Tents are not the answer. That’s right, Mr. Lurie, they’re not.But if you need San Francisco to paint for everyone, leave your golden megaphone and take a brush.

That, it seems to me, is precisely the challenge for this group, they do not have a political solution.

“If they had a concept to fight homelessness that could work, I would adopt it completely,” Superintendent Aaron Peskin told me.In fact, progressive supports have advanced in leaps and bounds to address the problem, adding the cash allowance for 8,000 hotel rooms for the homeless in the pandemic. Progressives have put Proposition C on the ballot, which, if resisting the courts, will provide immense new resources.affordable and supportive housing.

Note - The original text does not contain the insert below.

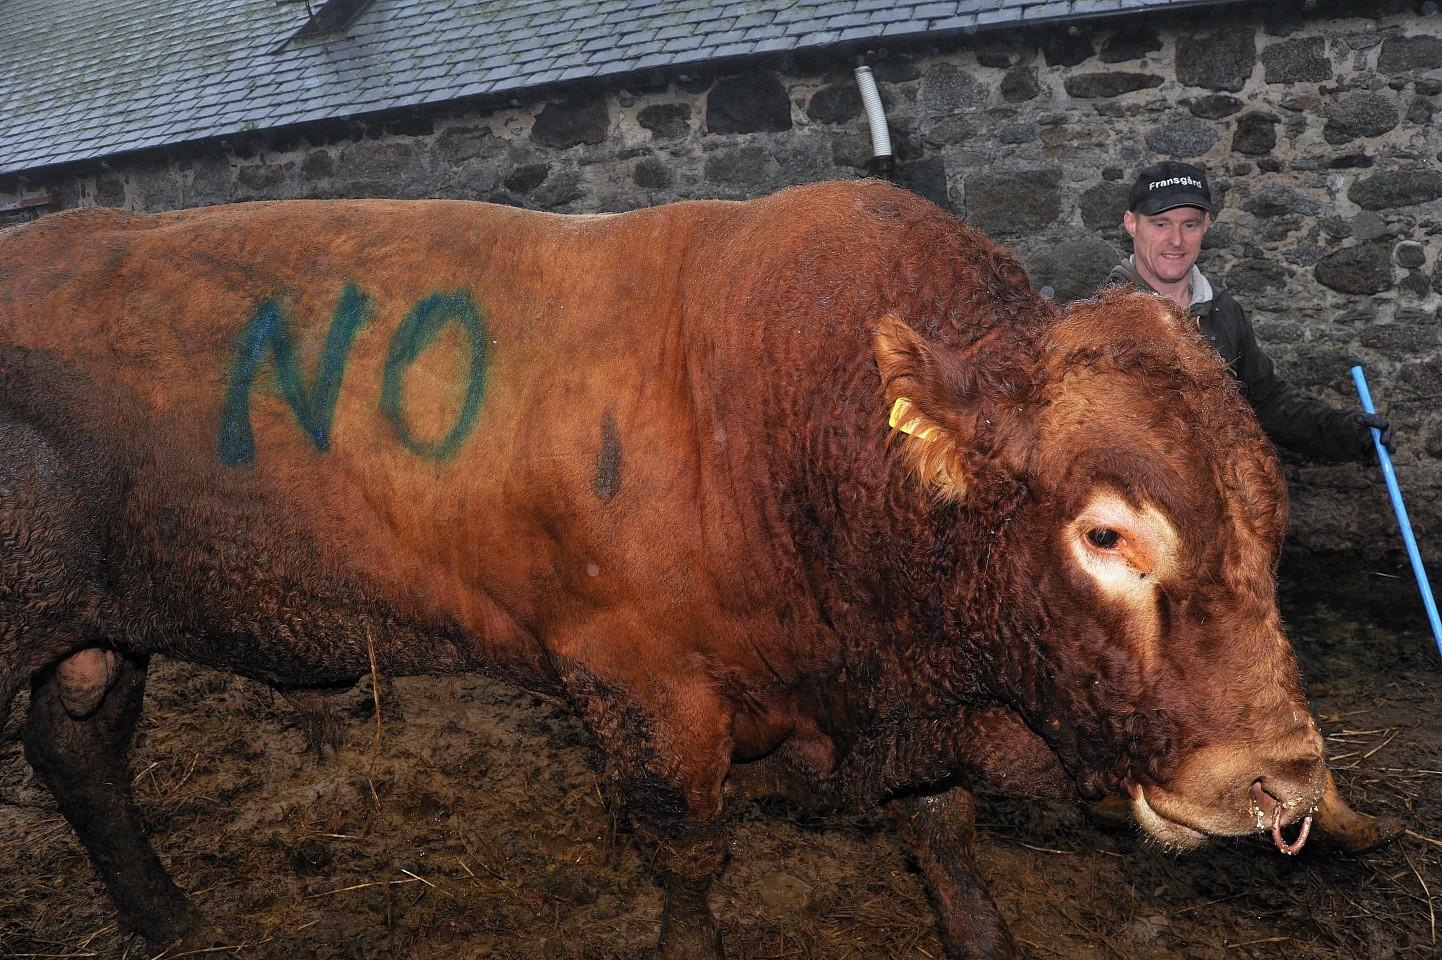 Many farmers including Allan Moore resorted to making live no signs with their animals

Daniel Lurie and Brandon Shorenstein have nowhere to go in those efforts.

So what exactly do they need, reduce taxes on the rich and a policy that tries to hide homelessness?How do you propose to solve the problems? I need to hear your ideas.

No one from San Francisco Works for All will do it to me.

As Eskenazi points out, many of these giant cash teams appear from time to time in the city, and regularly do not seem when it is transparent that they are not in favor or anything, they simply oppose the applicants and the measures that will take over the rich and the great.cash industries. Maybe it’s going to be the same.

They may provide genuine proposals, which can be discussed in the public forum, with spokesmen who will not only have to spread a message to answer questions.

Or maybe they’re going to invest millions of dollars in local elections and voting measures to turn the tide of progressive politics.It hasn’t worked for a while.

Meanwhile, Peskin says, it’s more than a little embarrassing.

“In a moment of profound social change,” he told me, “seeing the young people at Old School San Francisco Wealth be in the aspect of the story is and is painful.It’s disgusting.”